■ GOAL OF THE EXERCISE
Your copy should match the listing below word for word, with no images in it.

** Opening RECORDED INFORMATION block **

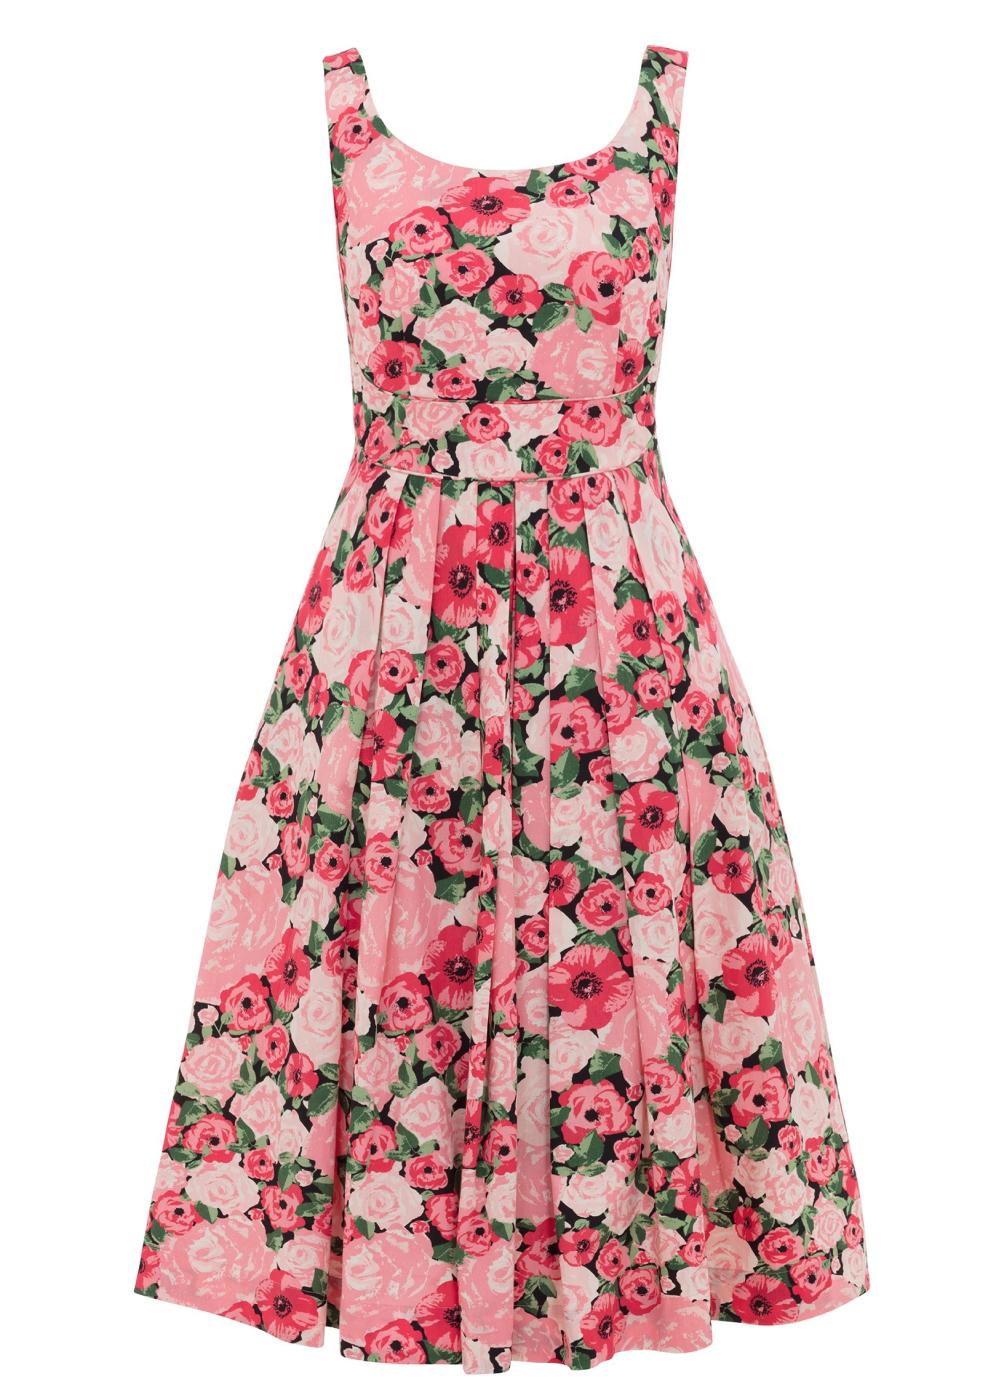 Tant Sofia - Isobel dress - Paris Rose Garden, Emily anf Fin
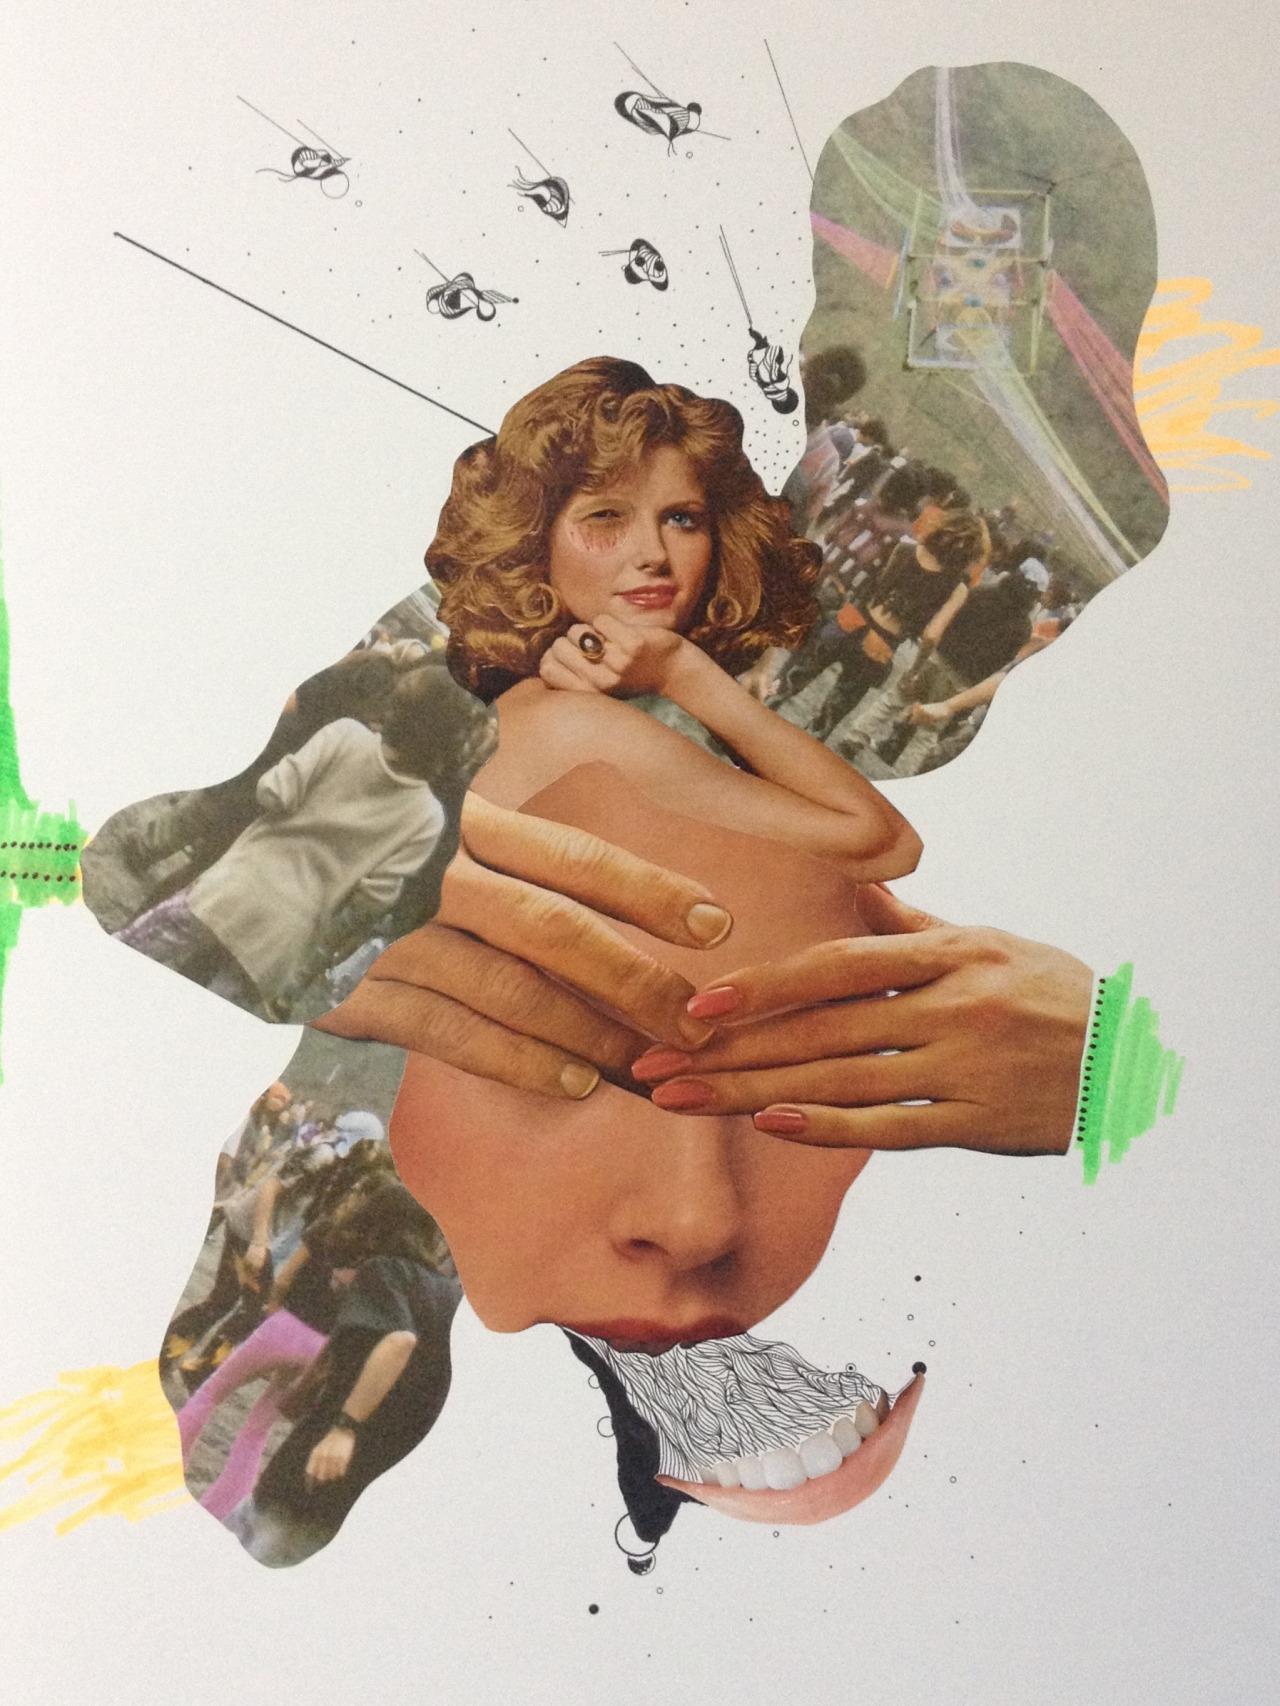 Collaboration #47 More Work From Eiji Nasu & John Vochatzer: nsejnsej.tumblr.com johnvochatzer.tumblr.com facebook.com/artofjohnvochatzer instagram: @nsejnsej @calamityfair
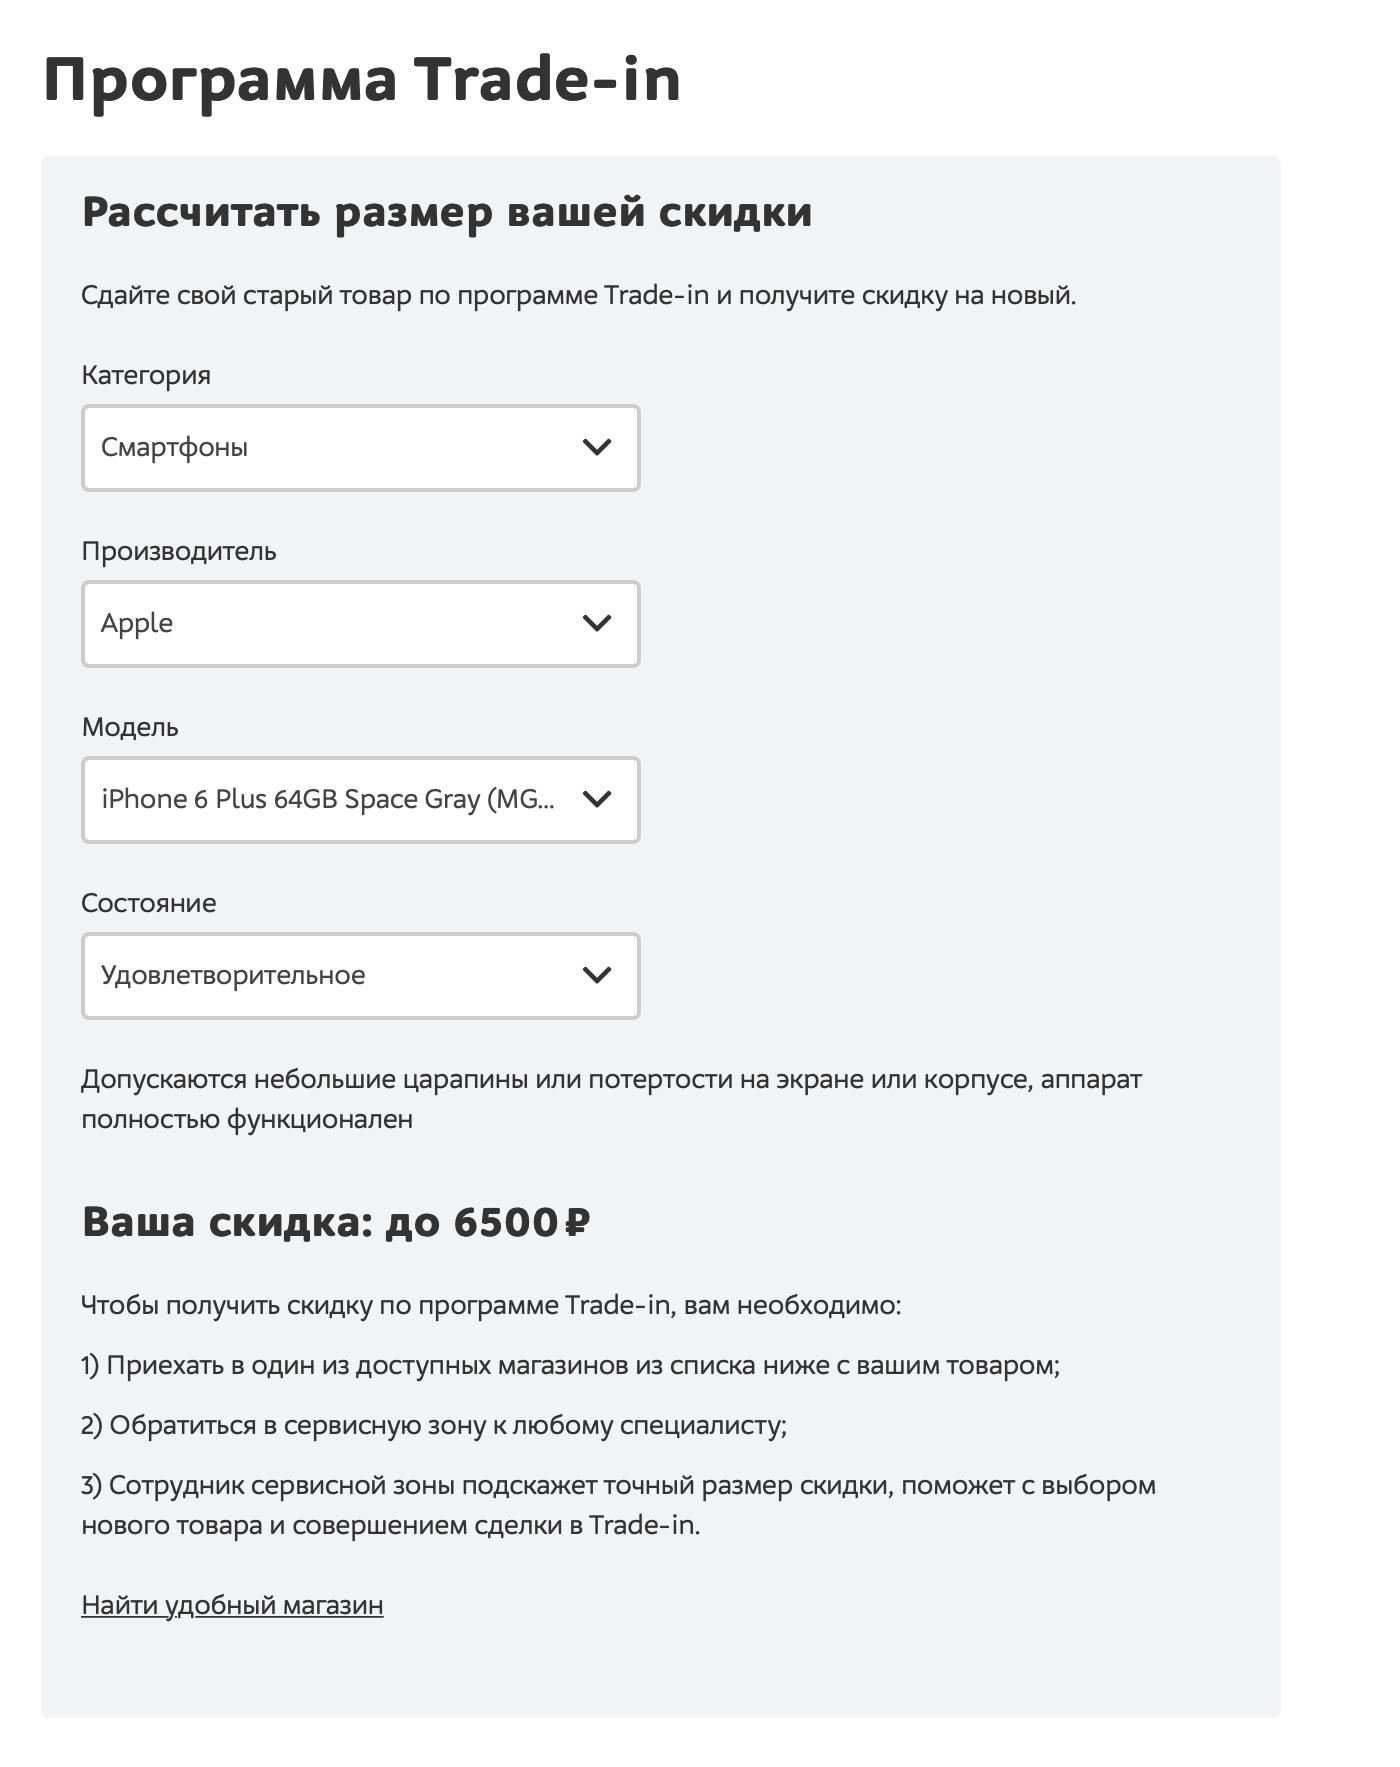 За iPhone 6s 64GB дадут максимум 5100 р. — точную сумму назовет консультант после оценки

** Closing RECORDED INFORMATION block **

■ RESULT
 Tant Sofia - Isobel dress - Paris Rose Garden, Emily anf Fin
 Collaboration #47 More Work From Eiji Nasu & John Vochatzer: nsejnsej.tumblr.com johnvochatzer.tumblr.com facebook.com/artofjohnvochatzer instagram: @nsejnsej @calamityfair
 За iPhone 6s 64GB дадут максимум 5100 р. — точную сумму назовет консультант после оценки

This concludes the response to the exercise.